Task: Only what runs from the line with "Glasgow National Hockey" to the end of the data should appear in the answer, exactly as written and without pictures.

Collected data:
────────────────
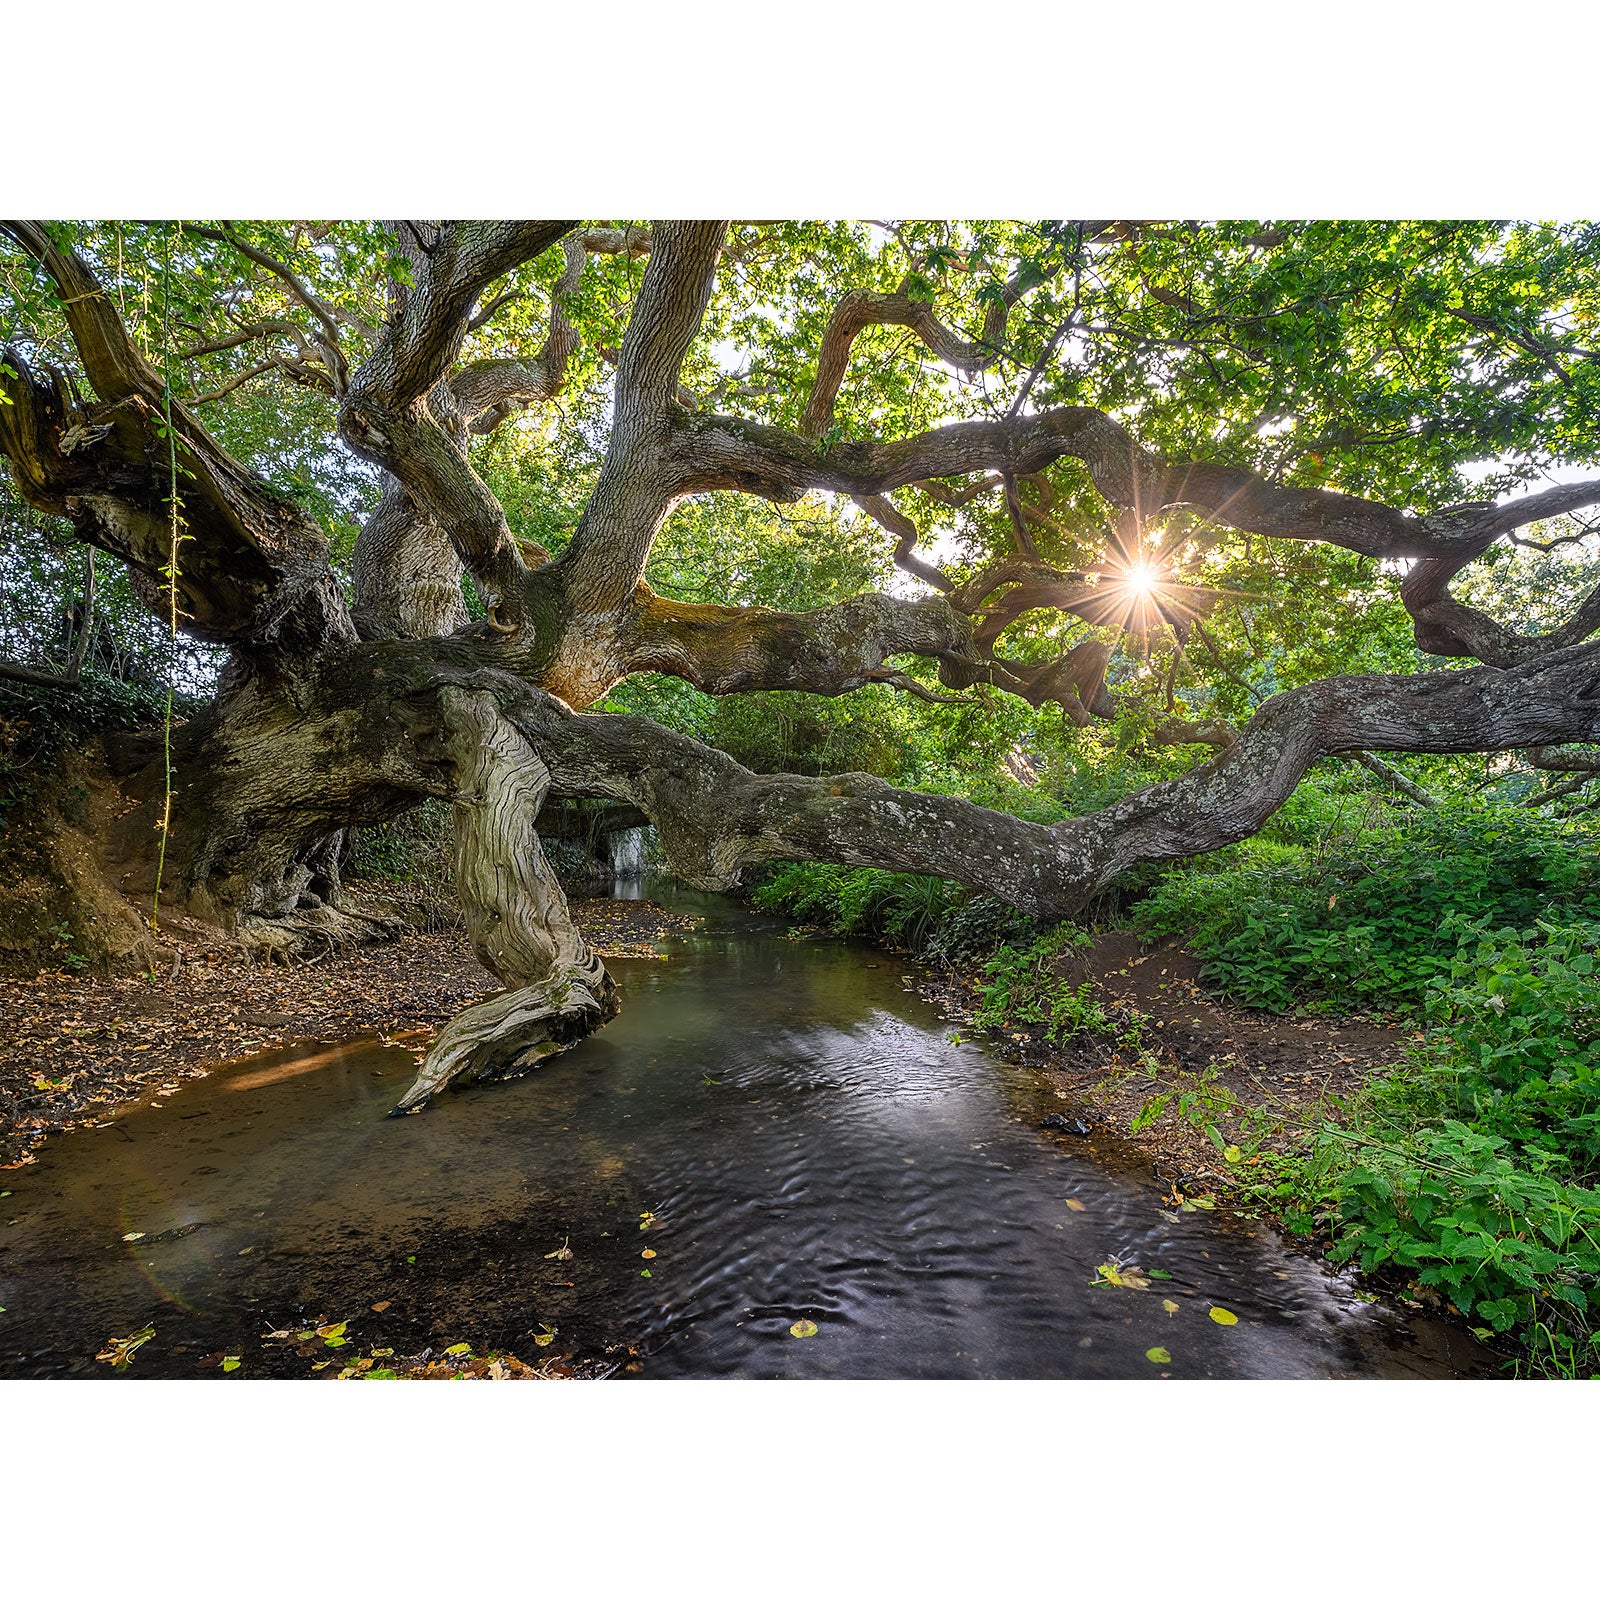 Sunlight beams through the branches of The Dragon Tree by a tranquil stream on the Isle of Wight, captured beautifully by Available Light Photography.
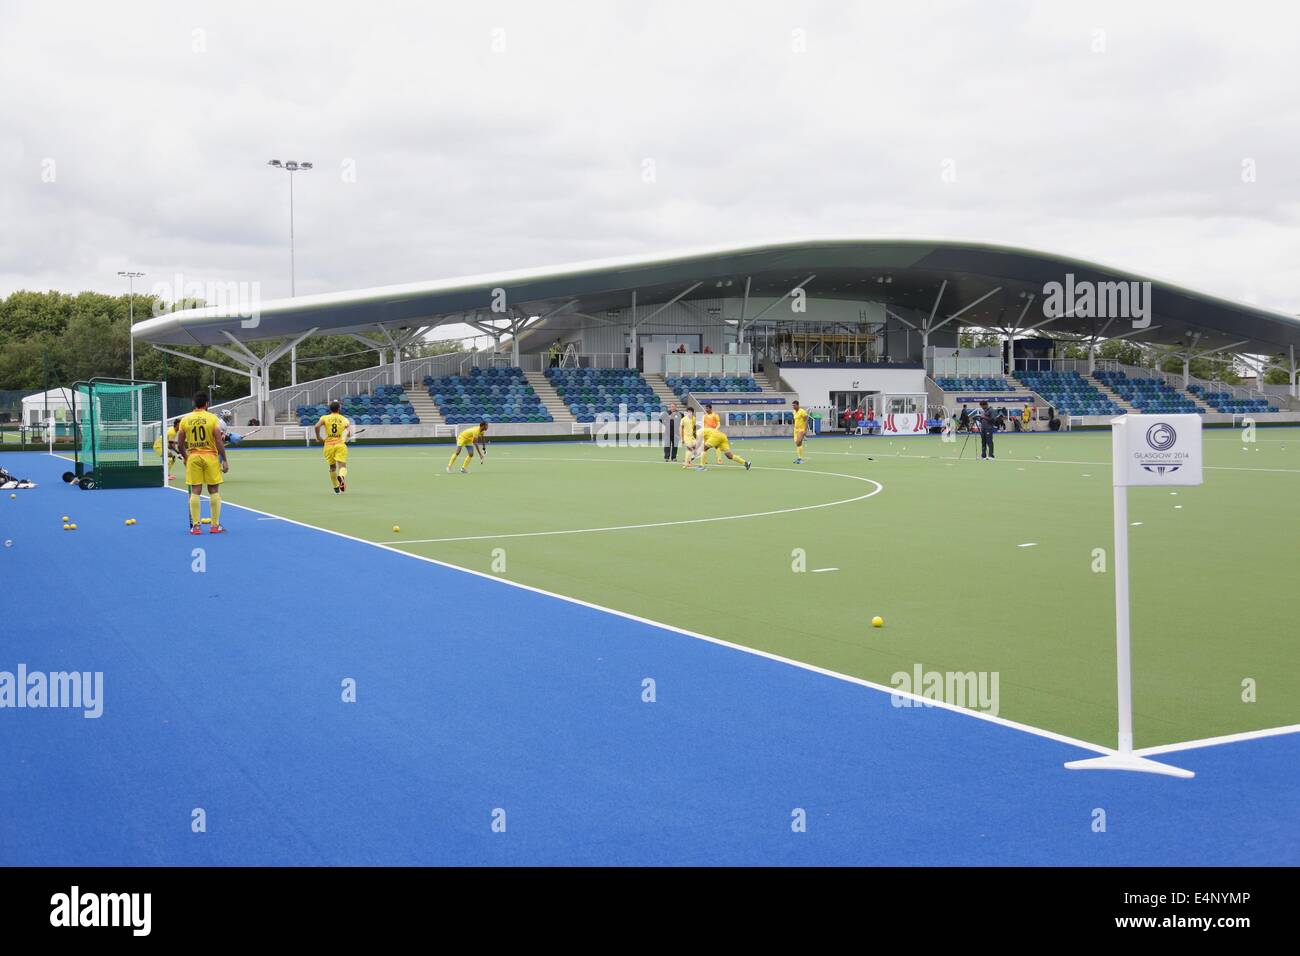 Glasgow National Hockey Centre, Glasgow Green, Glasgow, Scotland, UK, Tuesday, 15th July, 2014. With 8 Days until the 2014 Commonwealth Games Opening Ceremony teams are using the venues for training with members of Team India seen here Stock Photo
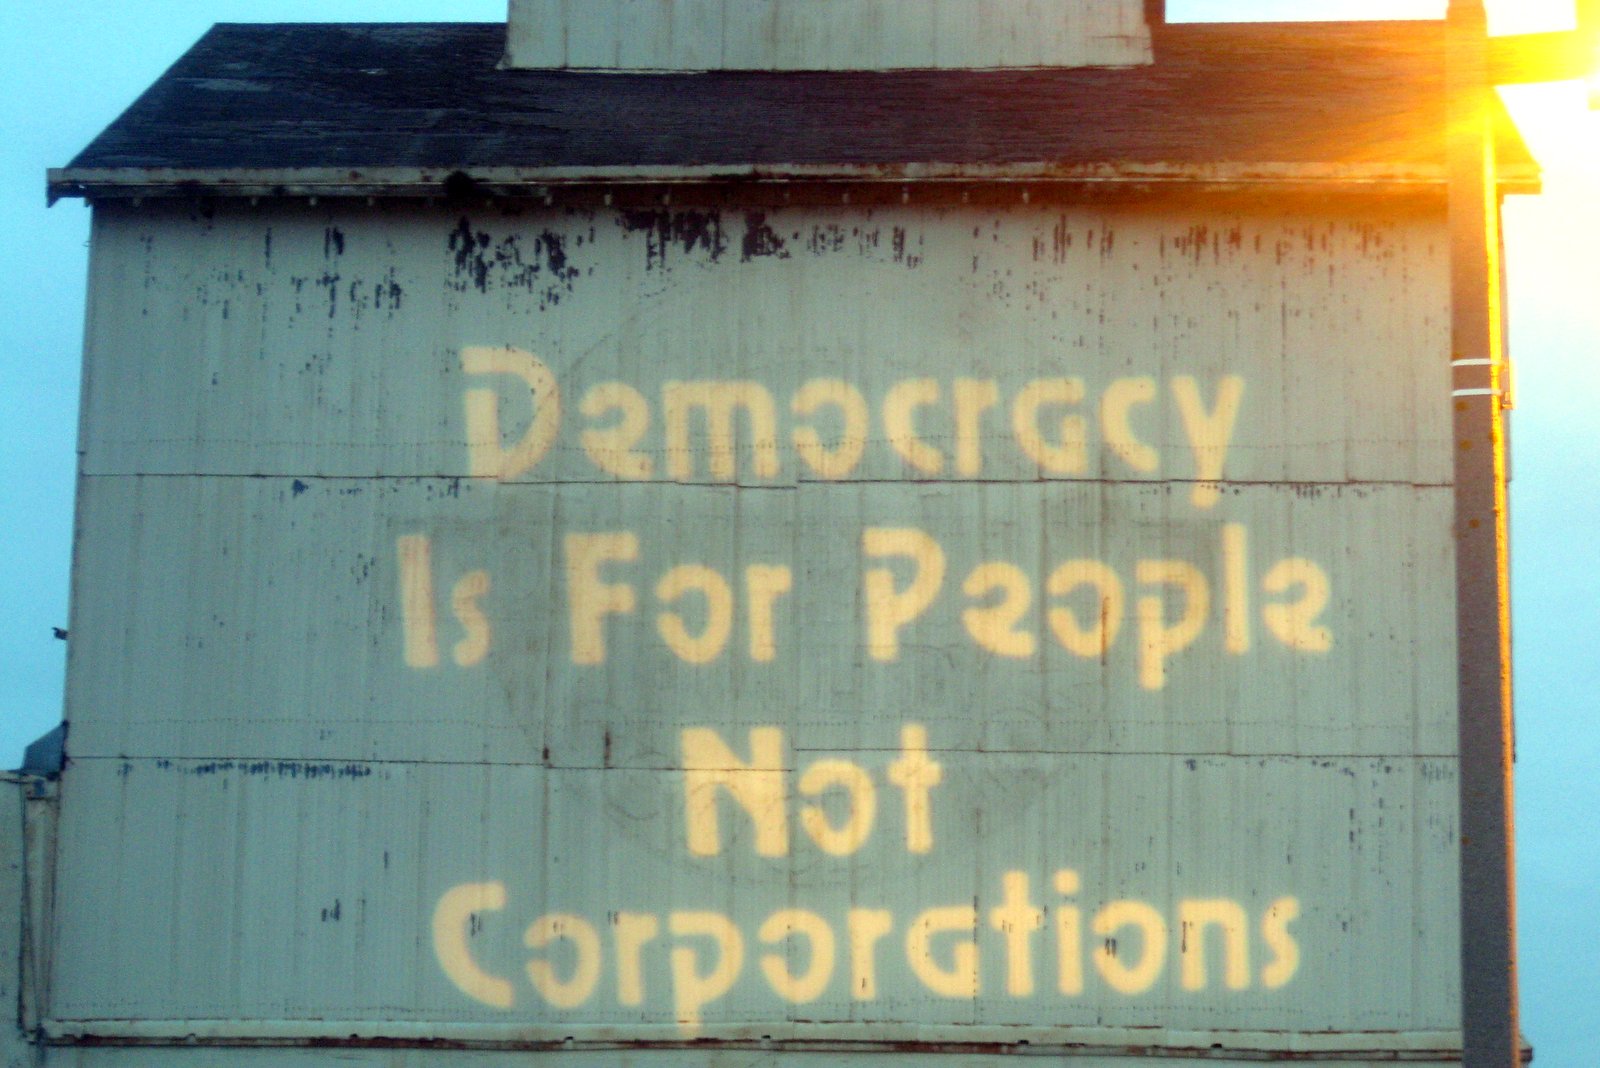 An old building with the words "Democracy Is For People, Not Corporations" painted on it
────────────────
Your response:
 Glasgow National Hockey Centre, Glasgow Green, Glasgow, Scotland, UK, Tuesday, 15th July, 2014. With 8 Days until the 2014 Commonwealth Games Opening Ceremony teams are using the venues for training with members of Team India seen here Stock Photo
 An old building with the words "Democracy Is For People, Not Corporations" painted on it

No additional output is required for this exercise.